Who Should Doctors Save? Inside the Debate About How to Ration Coronavirus Care

COVER Story Who Would You Save? -BANNER
Who would you save? The inside debate over who will get treatment for the coronavirus and who won't. Photo Illustration by Gluekit; Source by Martin Barraud/Getty

As the toll of the coronavirus pandemic rises, Americans confront with increasing distress the idea of rationing health care. Choosing to deny care to people in desperate need is anathema; it feels unAmerican, even. But in fact it happens all the time: when Congress allocates money for Medicare and Medicaid; when insurance companies reject claims; when the Trump administration decides to shut down the Federal marketplace for the Affordable Care Act.

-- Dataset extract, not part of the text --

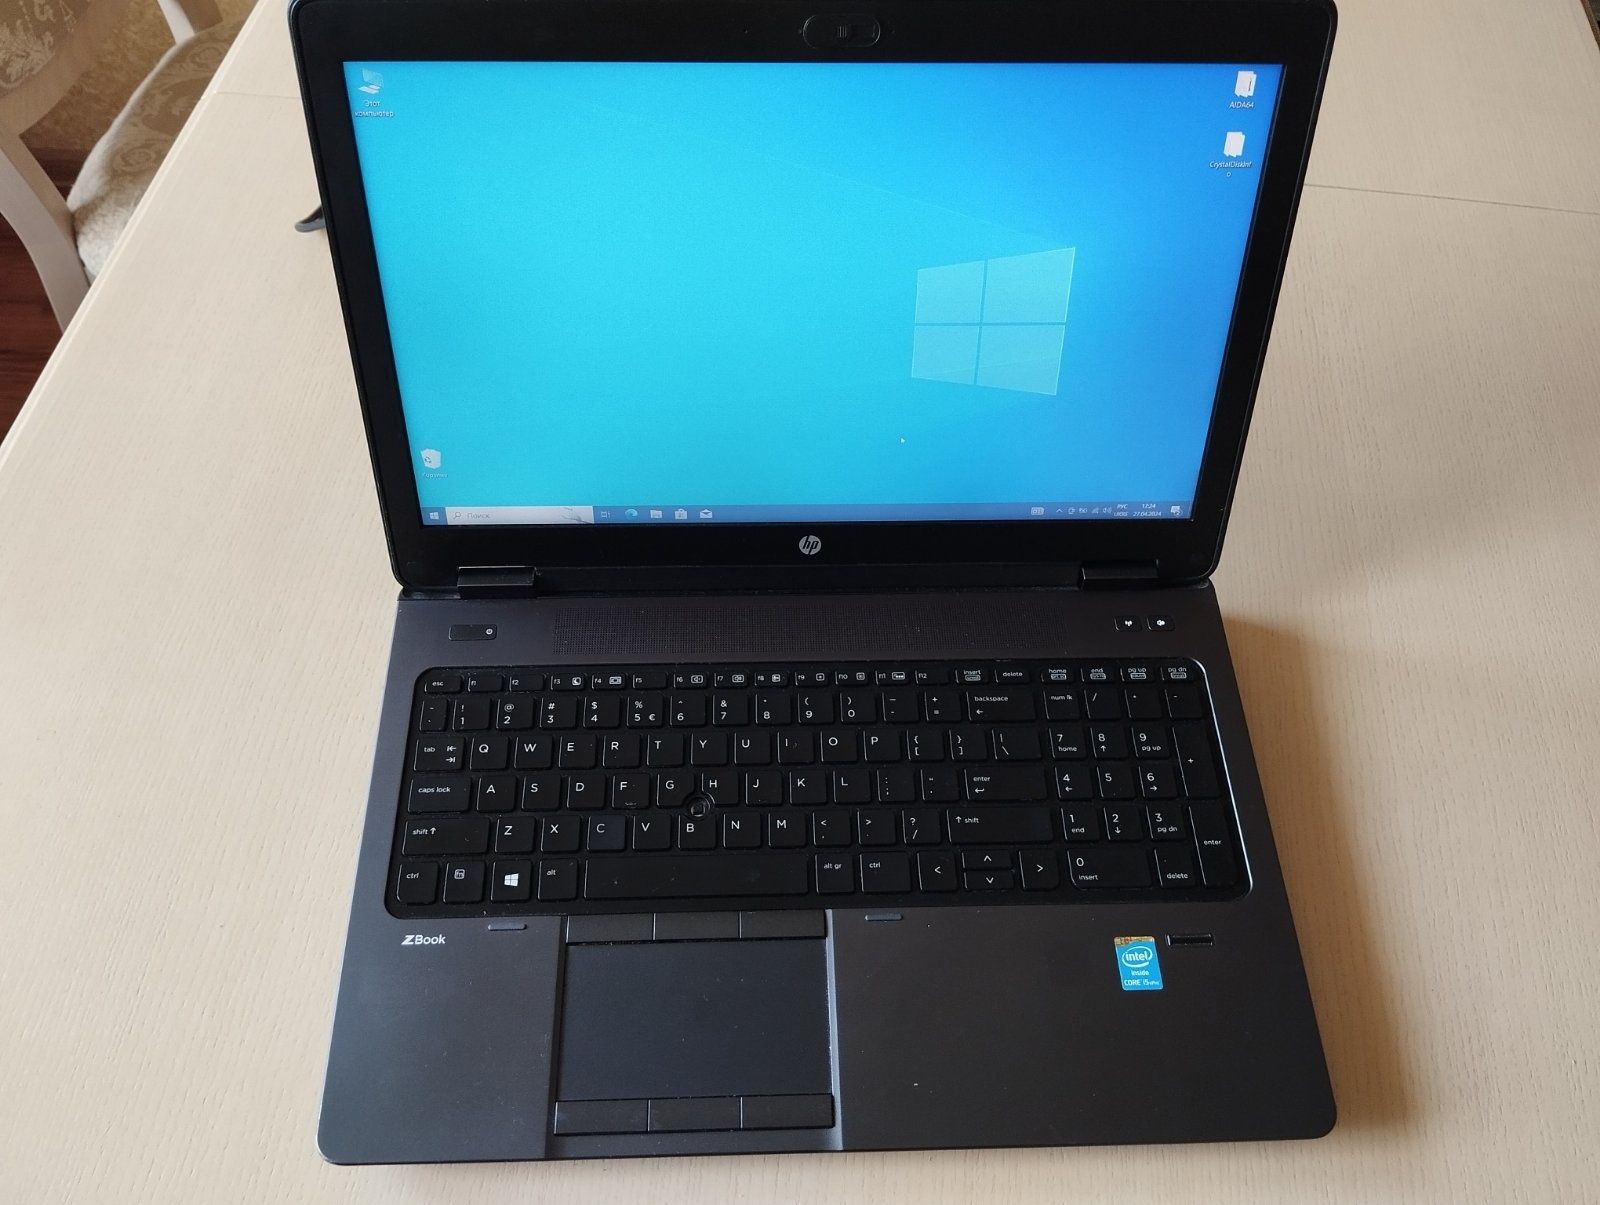 Ноутбук HP Zbook 15 i5-4330m, Quadro K1100M. 8/256 ssd. Windows 10 Pro

Rationing is also what happens when governments whittle down their budgets for preparing for deadly pandemics, as they did over the last decade. That goes some way to explaining why the U.S. now has the steepest trajectory of COVID-19 cases of any nation so far, including China and Italy, and is experiencing a critical-care crisis in hospitals across the land. As the first wave of the SARS-CoV-2 outbreak begins to crest over the nation during April and early May, it will send patients in respiratory distress to hospitals en masse, where many of them may die for lack of treatment.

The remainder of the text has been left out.